Le film se vit en direct, au présent, sans interview ni mise en scène, le lien se créant par la caméra.  Dans les espaces confinés des salles d’opération, le réalisateur se fait discret et s’immerge peu à peu dans l’intimité des personnes qui se confient à lui. « Je voulais être chirurgien », précise Jérôme qui fait se rejoindre dans ce film ses deux vocations. « Je démarre en position d’observation pour me fondre peu à peu comme un personnage du film. » Faire ressentir dans l’image le besoin d’humanité et la perte de lien des membres de ce bloc, tel est l’objectif fondamental du réalisateur. Imprégné des recherches effectuées sur la thématique et des nombreuses rencontres réalisées avant le tournage, il a une longueur d’avance sur les personnes du bloc en prise avec le burn-out. Il en connaît les prémisses et les symptômes et retrouve régulièrement le Dr Mesters qui l’aide à faire une analyse systémique de ce qui se vit à l’hôpital.

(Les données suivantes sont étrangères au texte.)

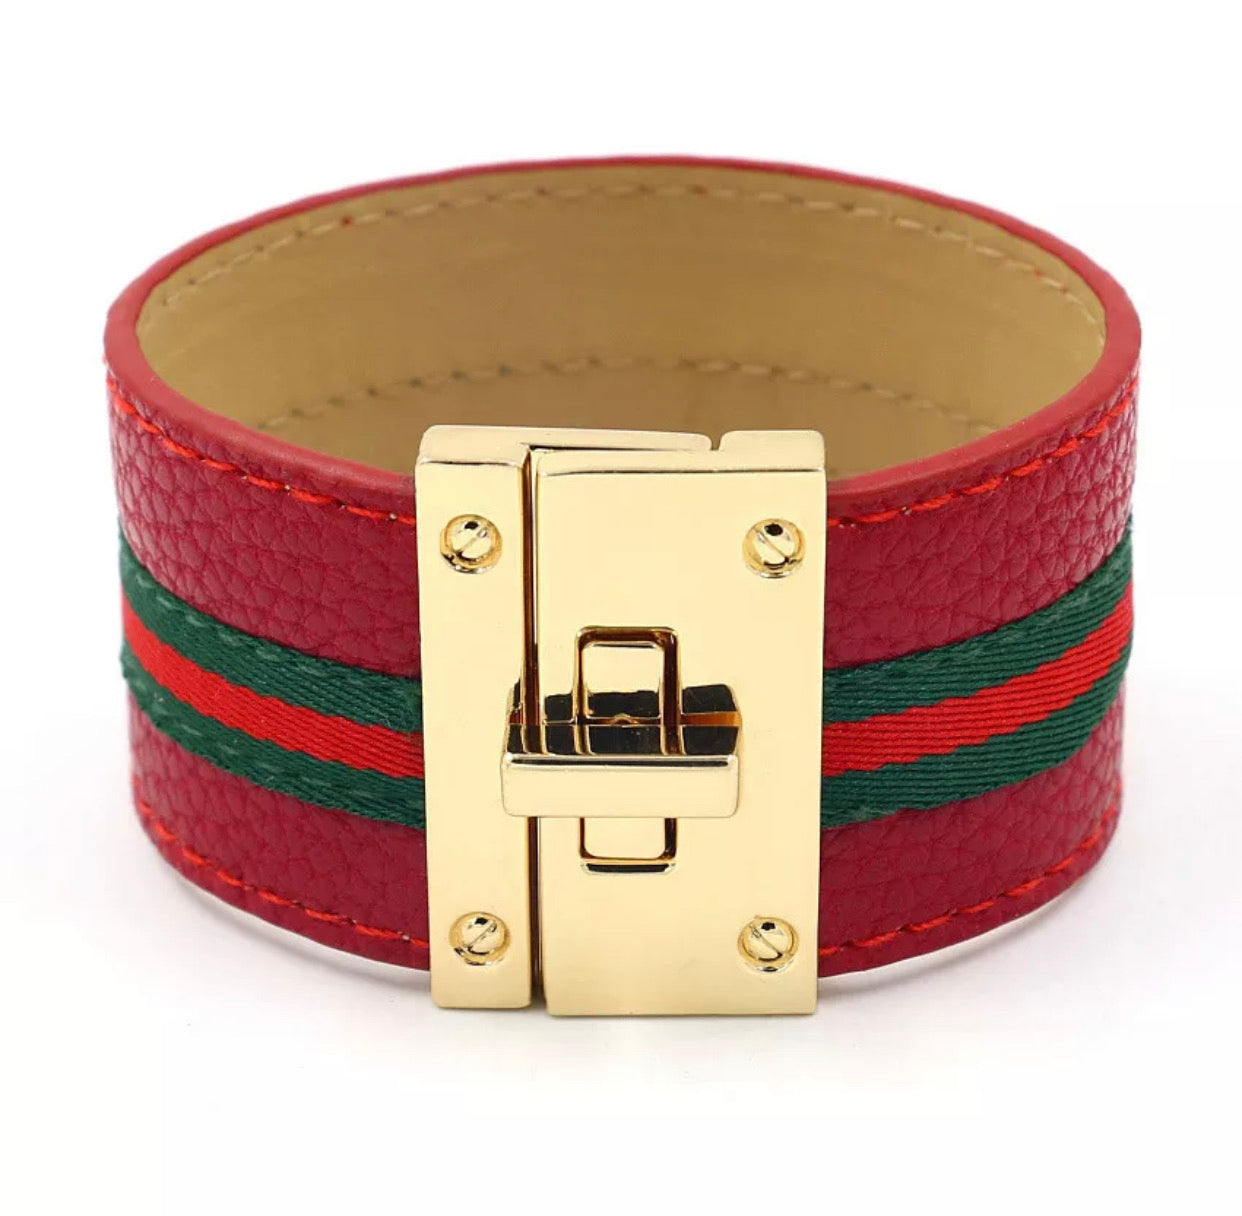 Red Leather Cuff Bracelet with a Golden Buckle

De nouveaux liens plus respectueux

Le film se termine par une note d’espoir : si la maladie vient de la perte de lien, la solution, c’est d’en recréer. Une simple boîte à suggestions et l’humanité reprend, les gens se détendant.  Une démarche qui peut sembler infime mais qui montre le désir de s’échapper du burn-out. Si certains le font et fuient le service pendant quelques mois, d’autres, telle l’anesthésiste qui a demandé à rencontrer Pascal Chabot après la lecture de son livre, s’en échappent en prenant le taureau par les cornes et en remettant les personnes en contact les unes avec les autres.   Morale de l’histoire ? Le burn-out, maladie du lien, nous touche toutes et tous dans une société où la performance et la productivité sont les seuls credo. Où, à force de réorganisations, de réductions des effectifs et d’augmentation conséquente des rythmes de travail, bon nombre d’entre nous perdent le sens de leur travail se retrouvent isolés, stressés, déshumanisés
et au bord de la rupture.  Mais l’antidote existe : la magie du lien et de la relation, fondements
de note humanité.

Un film produit par AT Doc, Zadig Productions et Louise Productions.
En salles à Bruxelles dès le 3 mai puis en Wallonie (voir les dates sur le site: http://burning-out-film.com).

Les auteurs

Après des études de journalisme à l’Université Libre de Bruxelles et de réalisation à l’Institut des Arts de Diffusion, Jérôme le Maire a réalisé plusieurs courts métrages de fiction avant de partir vivre deux ans et demi avec sa famille dans une palmeraie isolée au sud du Maroc. Il en revient en 2006 avec le film documentaire long métrage Où est l’amour dans la palmeraie ? qui sera sélectionné dans un bon nombre de festivals internationaux.  En 2012, Jérôme sort Le thé ou l’électricité, un long métrage documentaire qui a reçu une trentaine de prix dont le Magritte du meilleur documentaire. Suivi en 2013 par le long métrage de fiction Le Grand Tour

Pascal Chabot, co-auteur du film, est philosophe et enseigne à l’Ihecs (Bruxelles). Il a publié aux PUF Après le progrès (2008), Les sept stades de la philosophie (2011), Global burn-out (2013), L’âge des transitions (2015) et ChatBot le robot (2016).